Determine whether the given values are solution of the given equation or not. x² - 3x + 2 = 0, x = 2, x = -1

x = 2 is a solution (2)² -3(2) + 2 = 4 - 6 + 2 = 0 x = -1 is NOT a solution (-1)² - 3(-1) + 2 = 1 + 3 + 2 = 6 ≠ 0

Determine whether the given values are solution of the given equation or not. a²x² - 3abx + 2b² = 0, x = a/b, x=b/a

x = a/bis NOT a solution a²(a/b)² -3ab(a/b) + 2b² = a⁴/b² - 3a² + 2b² ≠ 0 x = b/a is a solution a²(b/a)² - 3ab(b/a) + 2b² = b² - 3b² + 2b² = 0

Determine whether the given values are solution of the given equation or not. x² - 3√3x + 6 = 0, x = √3, x = -2√3

x = √3 is a solution (√3)² - 3√3(√3) + 6 = 3 -9 +6 = 0 x = -2√3 is NOT a solution (-2√3)² -3√3(-2√3) + 6 = 12 + 18 + 6 = 36 ≠ 0

Determine whether the given values are solution of the given equation or not. x + 1/x = 13/6, x = 5/6, x = 4/3

x = 5/6 is NOT a solution (5/6) + 1/(5/6) = 5/6 +6/5 = 61/30 ≠ 13/6 x = 4/3 is NOT a solution (4/3) + 1(4/3) = 4/3 + 3/4 =25/16 ≠ 13/6

Find the value of 'k' for which the given value is a solution of the given equation x² + 3ax + k = 0, x = -a

(-a)² + 3a(-a) + k =0 a² - 3a² + k =0 -2a² + k = 0 k = 2a²

Find the value of 'k' for which the given value is a solution of the given equation x² - x(a+b) + k = 0, x = a

(a)² - (a+b)(a) + k = 0 a² - a² - ab + k = 0 -ab + k = 0 k = ab

Find the value of 'k' for which the given value is a solution of the given equation 7x² + kx - 3 = 0, x = 2/3

7(2/3)² + k(2/3) - 3 = 0 28/9 + k(2/3) - 3 = 0 1/9 + k(2/3) = 0 k = (-1/9)/(2/3) = - 1/6

Is the following a Quadratic equation? x + 1/x = x², x ≠ 0

No Multiplying by x the equation becomes x² + 1 = x³

Is the following a Quadratic equation? x - 3/x = x²

No Multiplying by x, the equation becomes x² - 3 = x³. The degree is 3

Is the following a Quadratic equation? x²+ 1/x² = 5

No Multiplying by x², the equation becomes x⁴ + 1 = 5x². The degree is 4

Is the following a Quadratic equation? (2x + 1) (3x + 2) = 6(x-1)(x-2)

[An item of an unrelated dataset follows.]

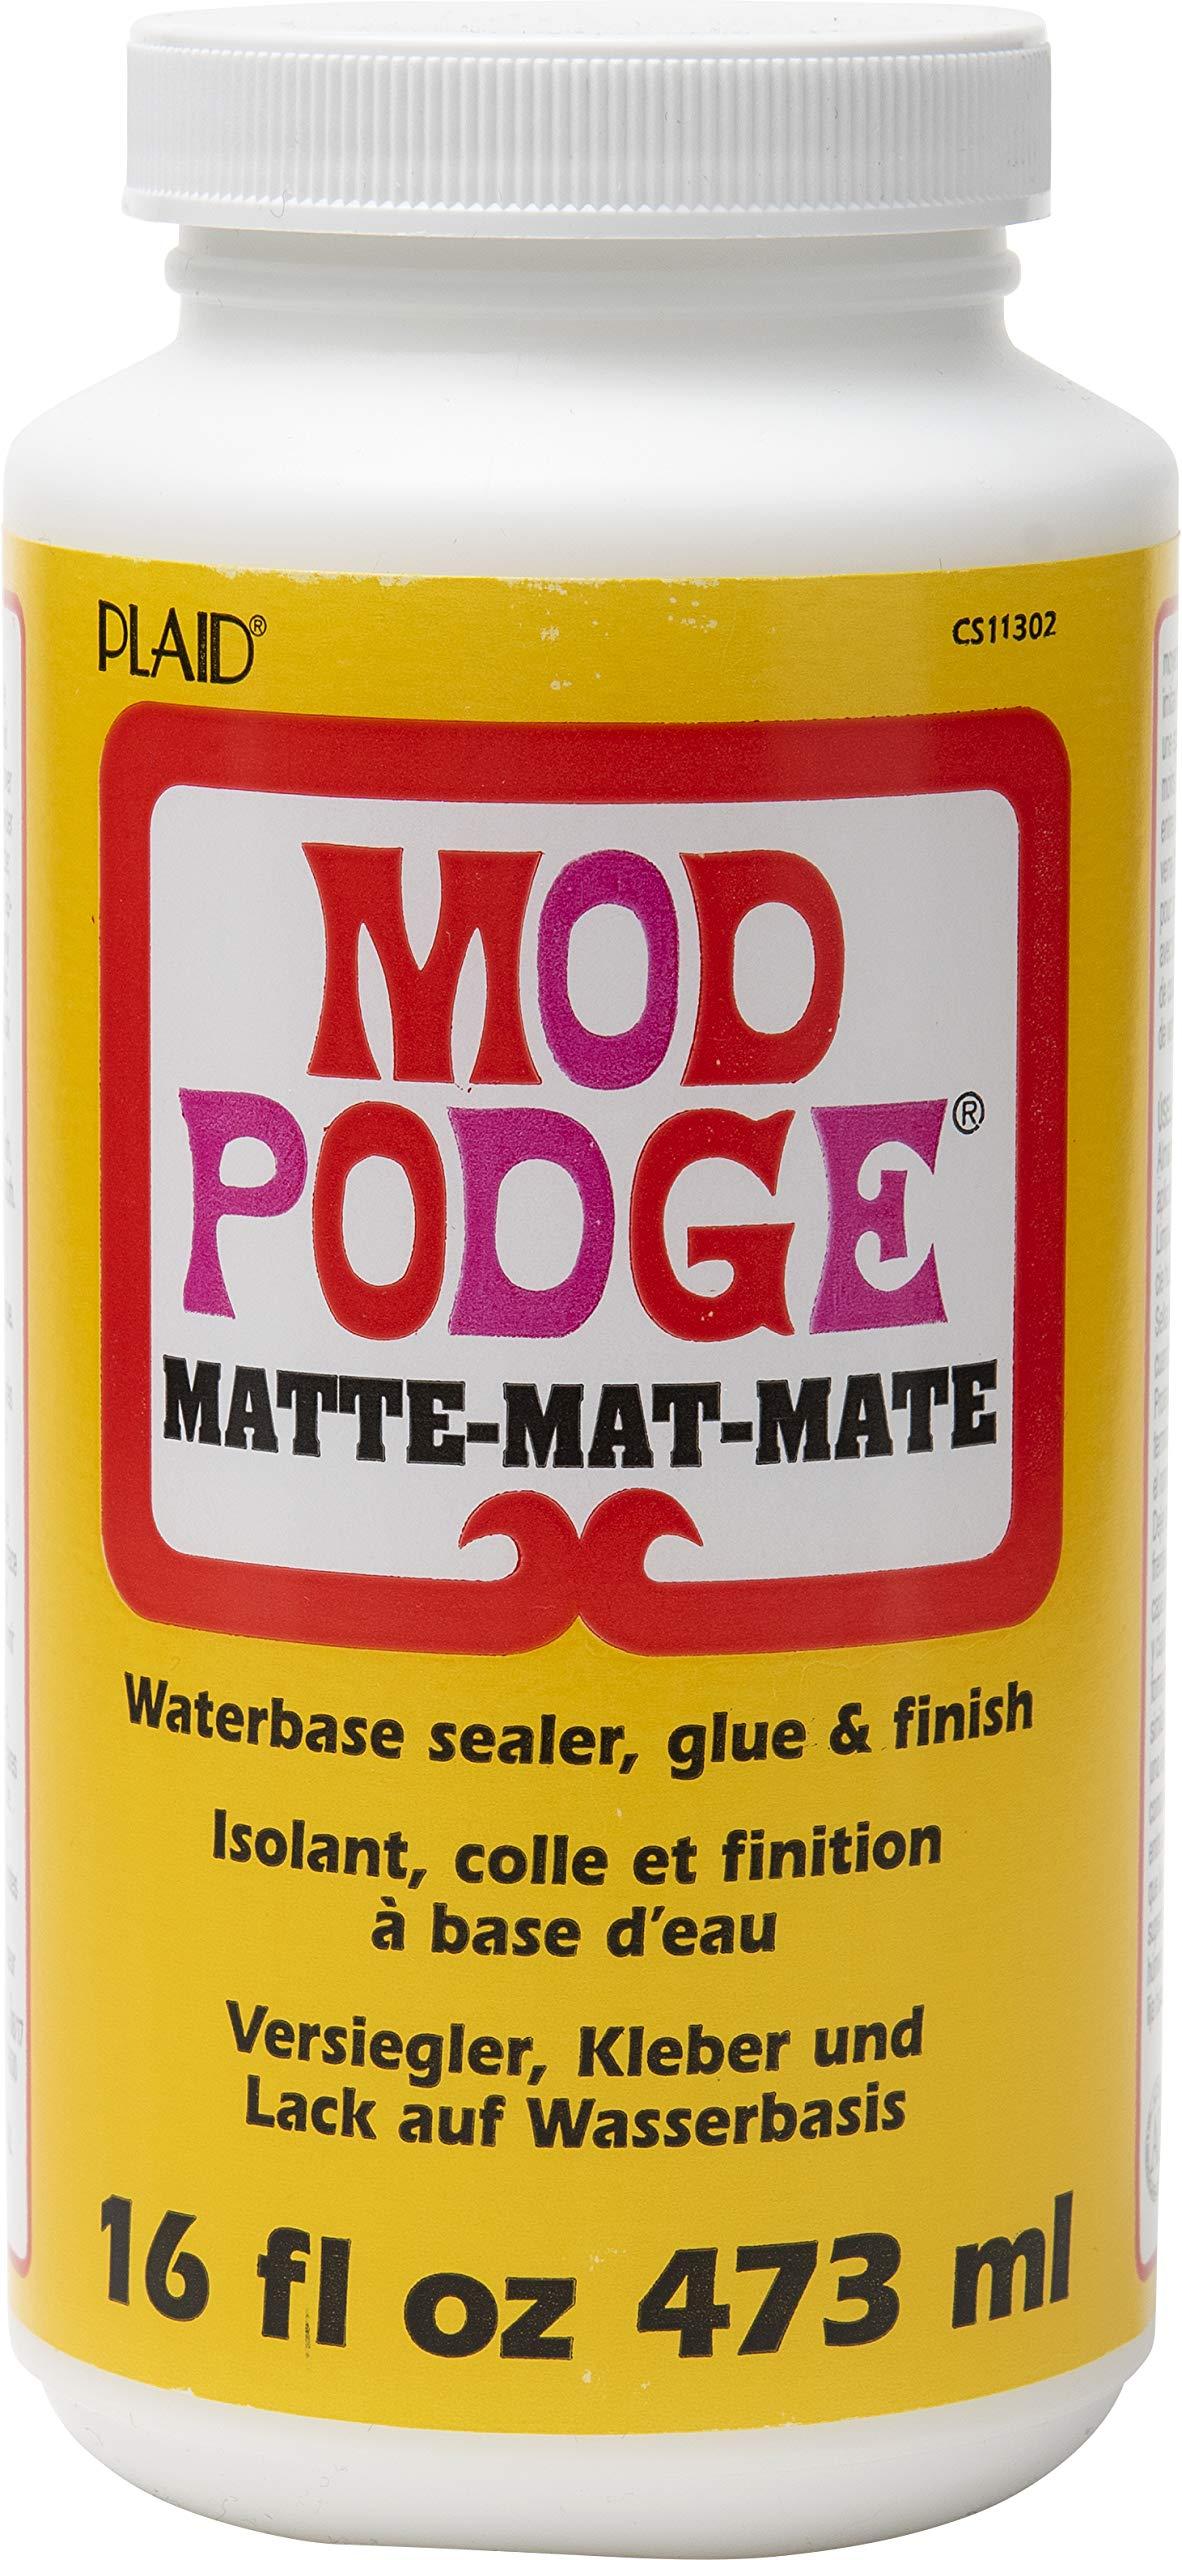 Mod Podge CS11302 Waterbase Sealer, Glue and Finish, 16 oz, Matte, 16 Ounce                Mod Podge CS11203 Waterbase Sealer, Glue & Decoupage Finish, 32 oz, Gloss                Mod Podge CS15092 Waterbase Sealer, Glue & Decoupage Finish, 64 oz, Matte

No On simplifying the equation becomes 6x² + 7x + 2 = 6x² - 18x +12 7x + 2 = -18x + 12

Is the following a Quadratic equation? x(x + 1) + 8 = (x+2)(x-2)

No On simplifying the equation becomes x² + x + 8 = x² - 4 x + 12 = 0

Is the following a Quadratic equation? (x + 1/x)² = 3(x + 1/x) + 4

No On simplifying the equation will become x² + 1/x² + 2 =3x + 3/x + 4 x² - 3x -3/x + 1/x² + 2 = 0

Is the following a Quadratic equation? 2x² - 3√x + 9 =0

No The given equation does not have a quadratic polynomial It has fractional power.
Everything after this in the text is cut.